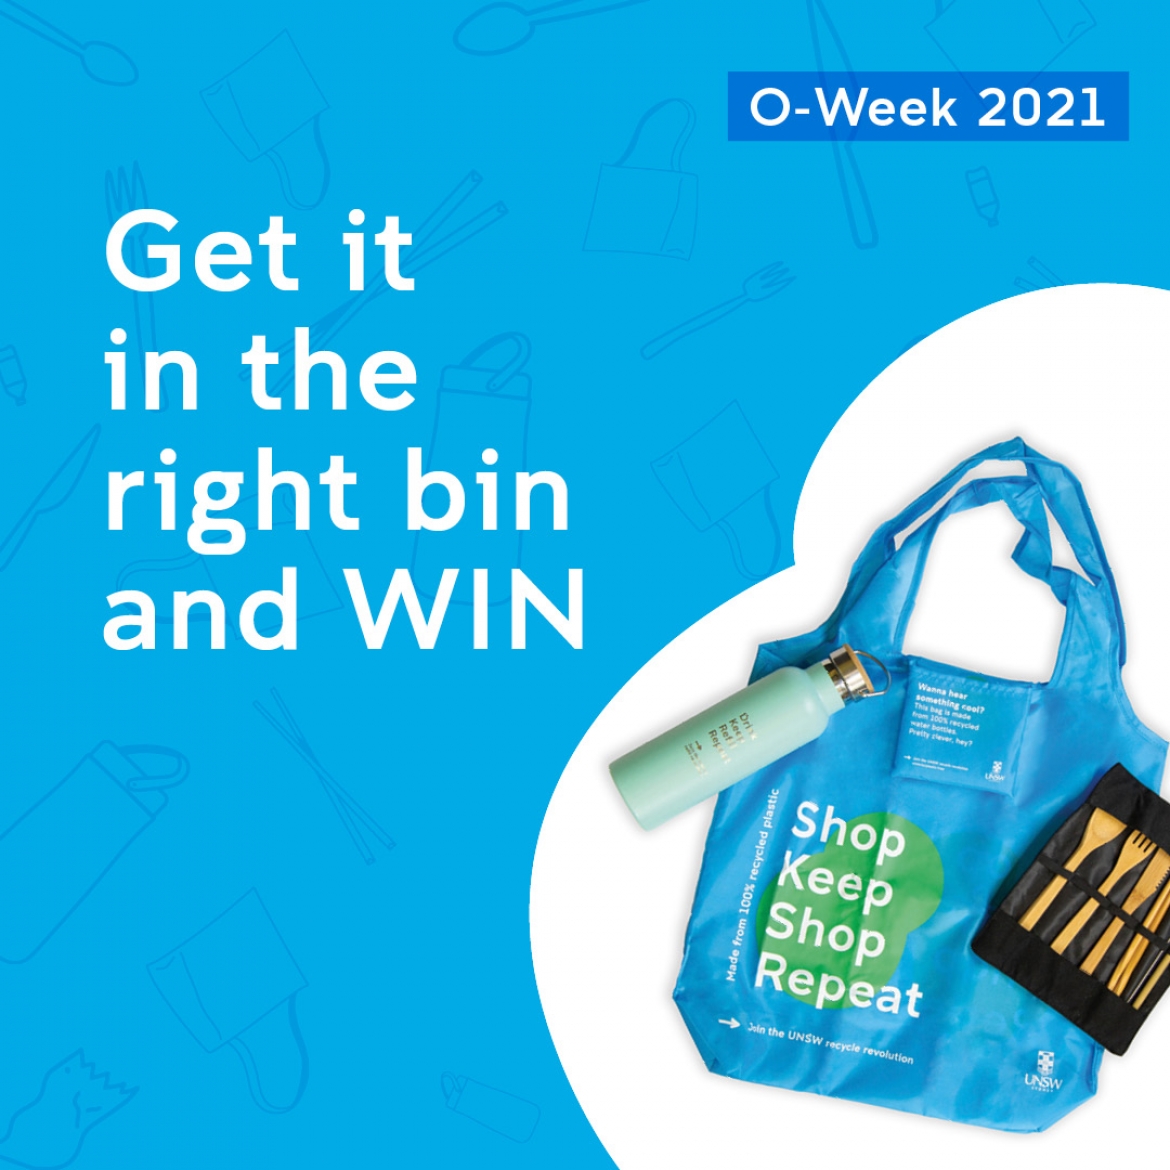 White text on blue background "Get it in the right bin and win"
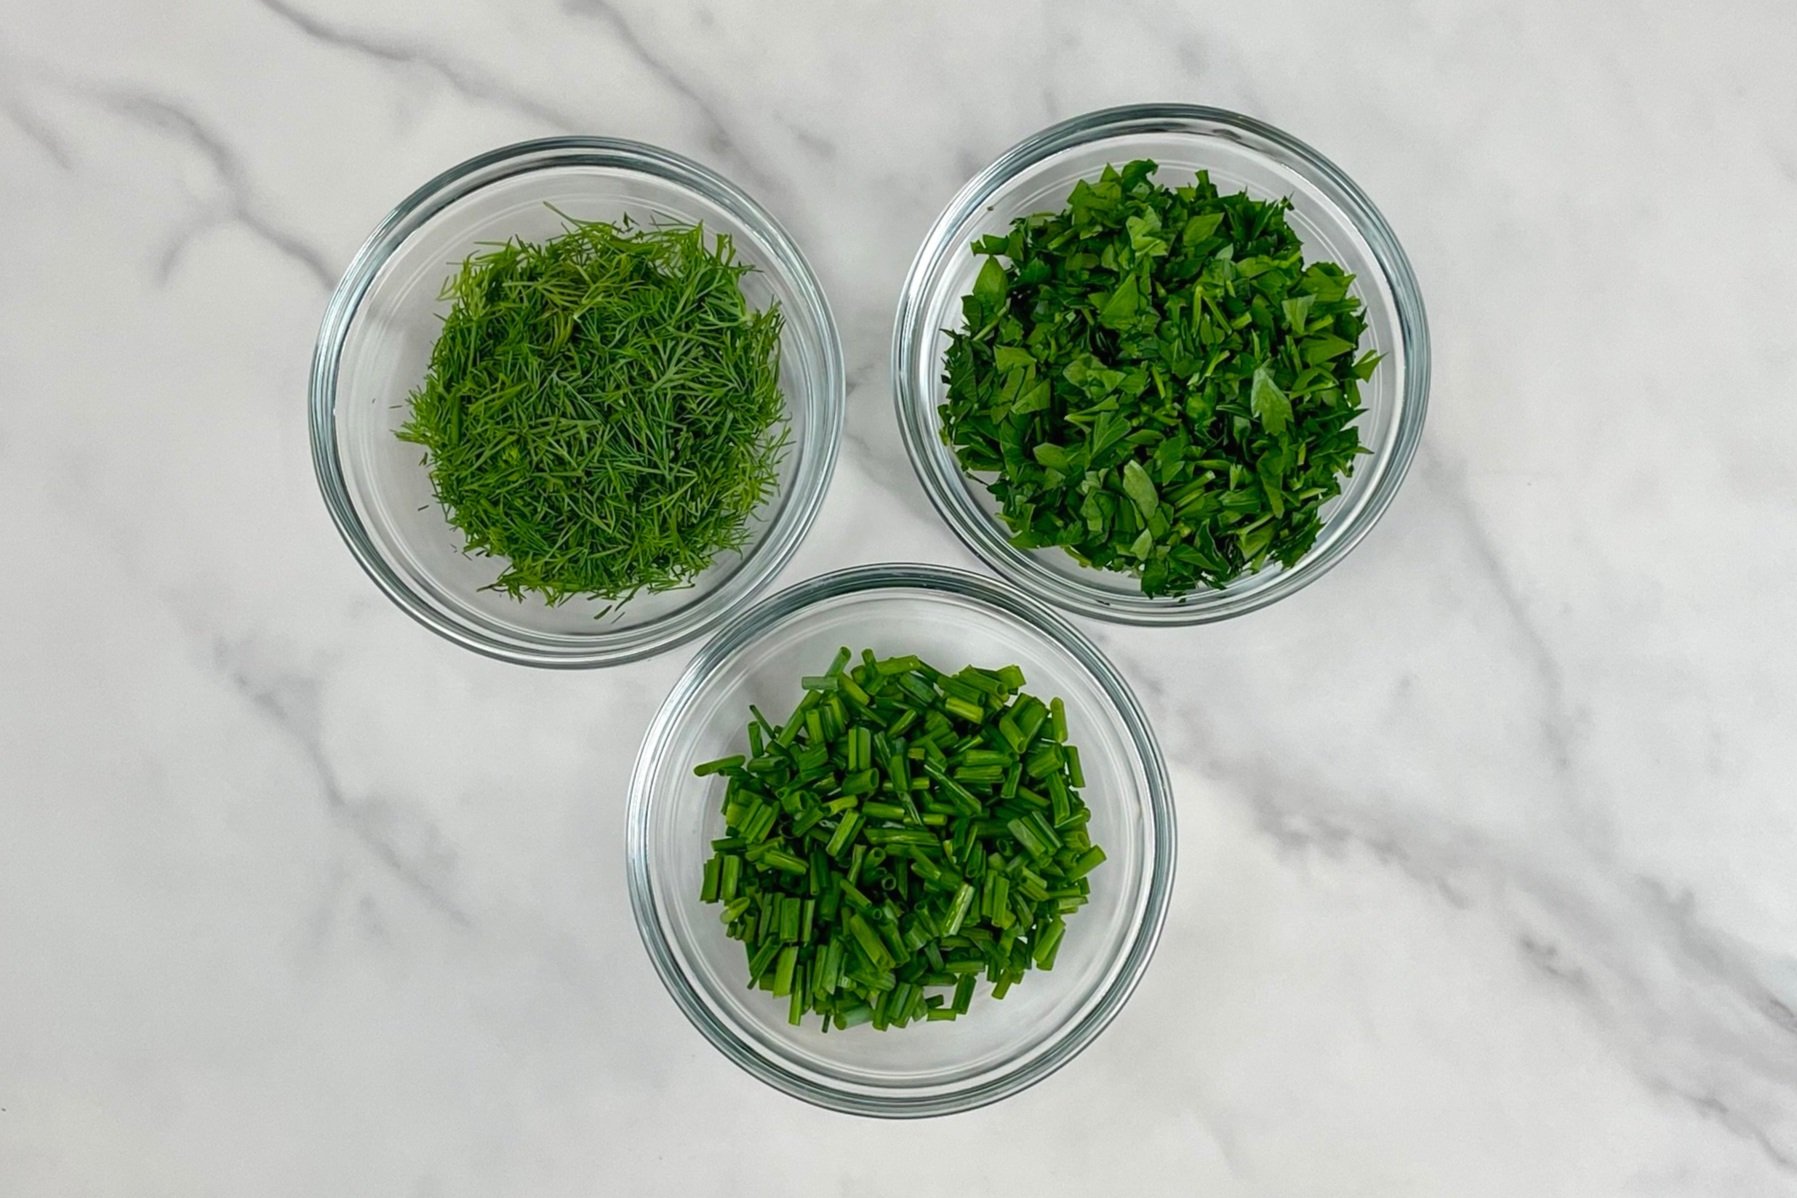 Chopped dill, chives &amp; parsley.
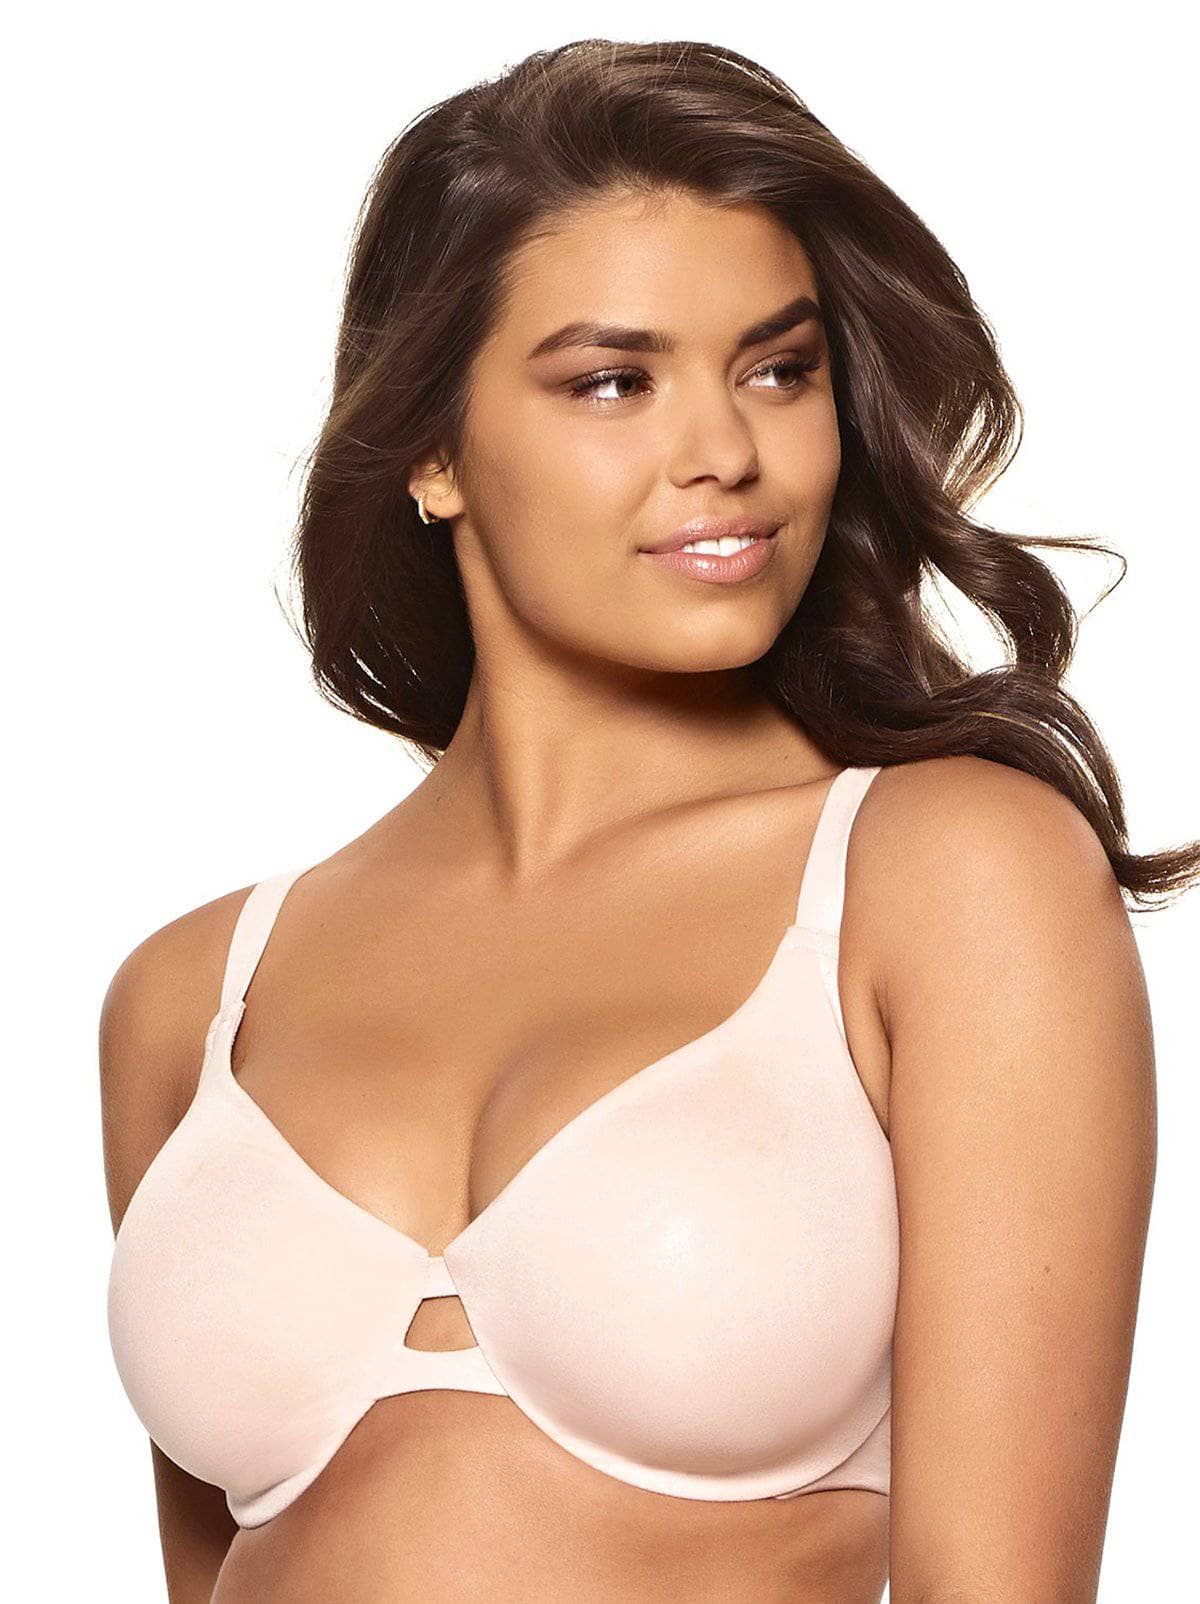 Exclare Racerback Full Figure Underwire Women's Front Close Bra Plus Size  Seamless Unlined Bra For Large Bust(Beige,38DDD) 
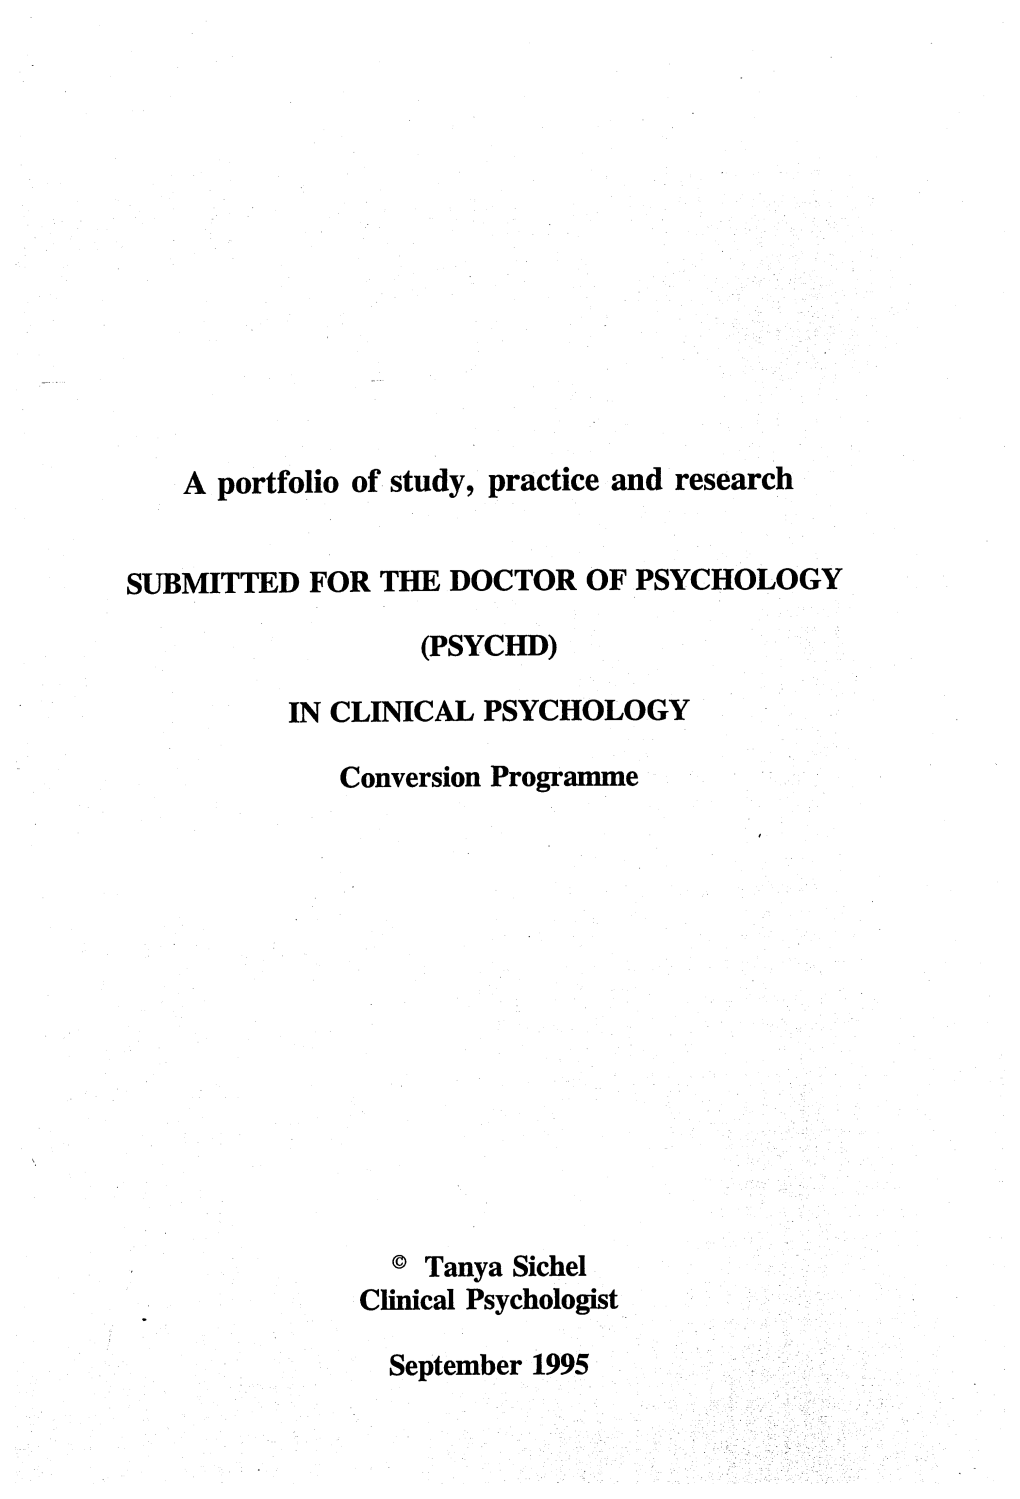 A Portfolio of Study, Practice and Research
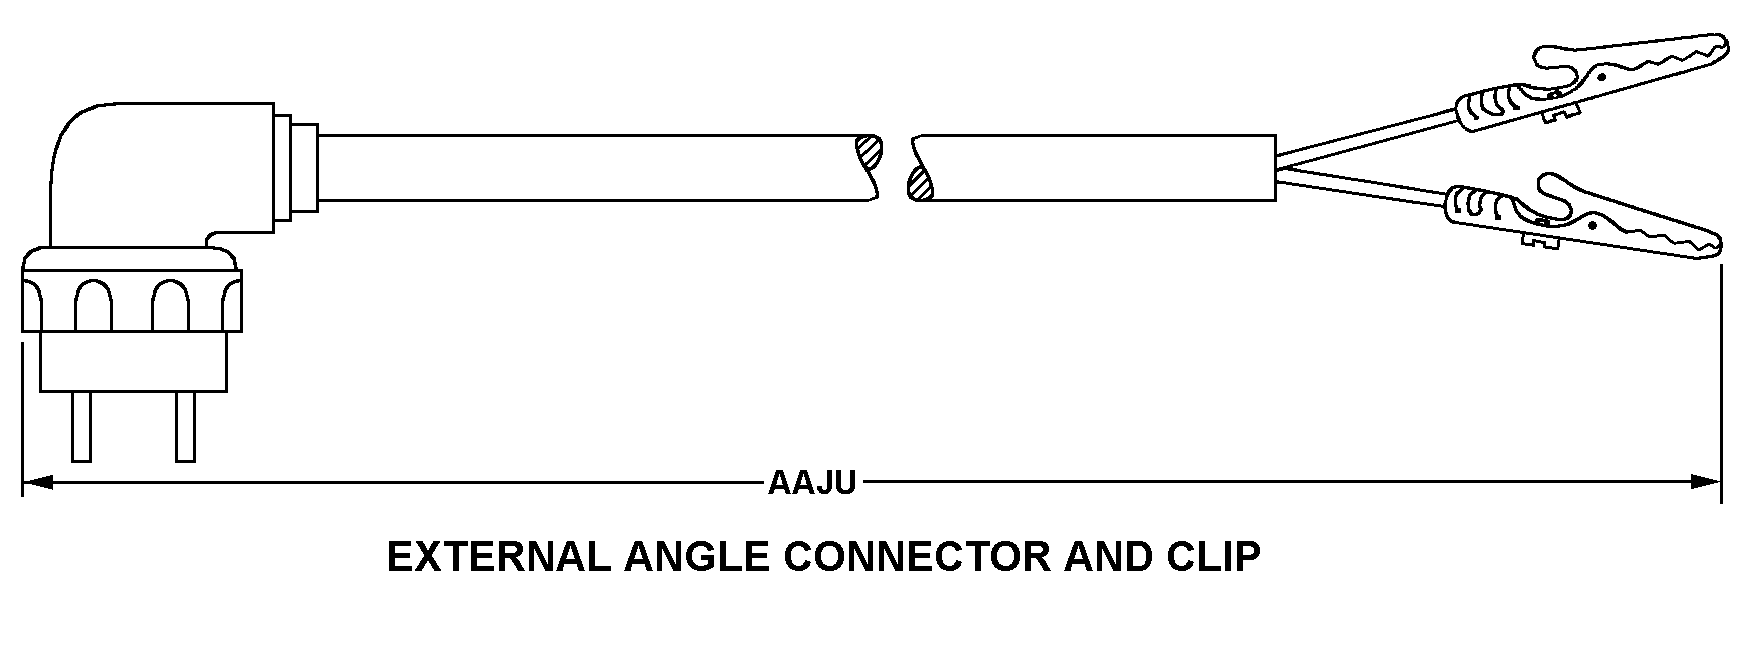 EXTERNAL ANGLE CONNECTOR AND CLIP style nsn 6150-00-234-6998

•••••

● Problem to work on
The records above, minus their pictures, are to be returned verbatim.

● Response to this exercise
 White text on blue background "Get it in the right bin and win"
 Chopped dill, chives &amp; parsley.
 Exclare Racerback Full Figure Underwire Women's Front Close Bra Plus Size  Seamless Unlined Bra For Large Bust(Beige,38DDD) 
 A Portfolio of Study, Practice and Research
 EXTERNAL ANGLE CONNECTOR AND CLIP style nsn 6150-00-234-6998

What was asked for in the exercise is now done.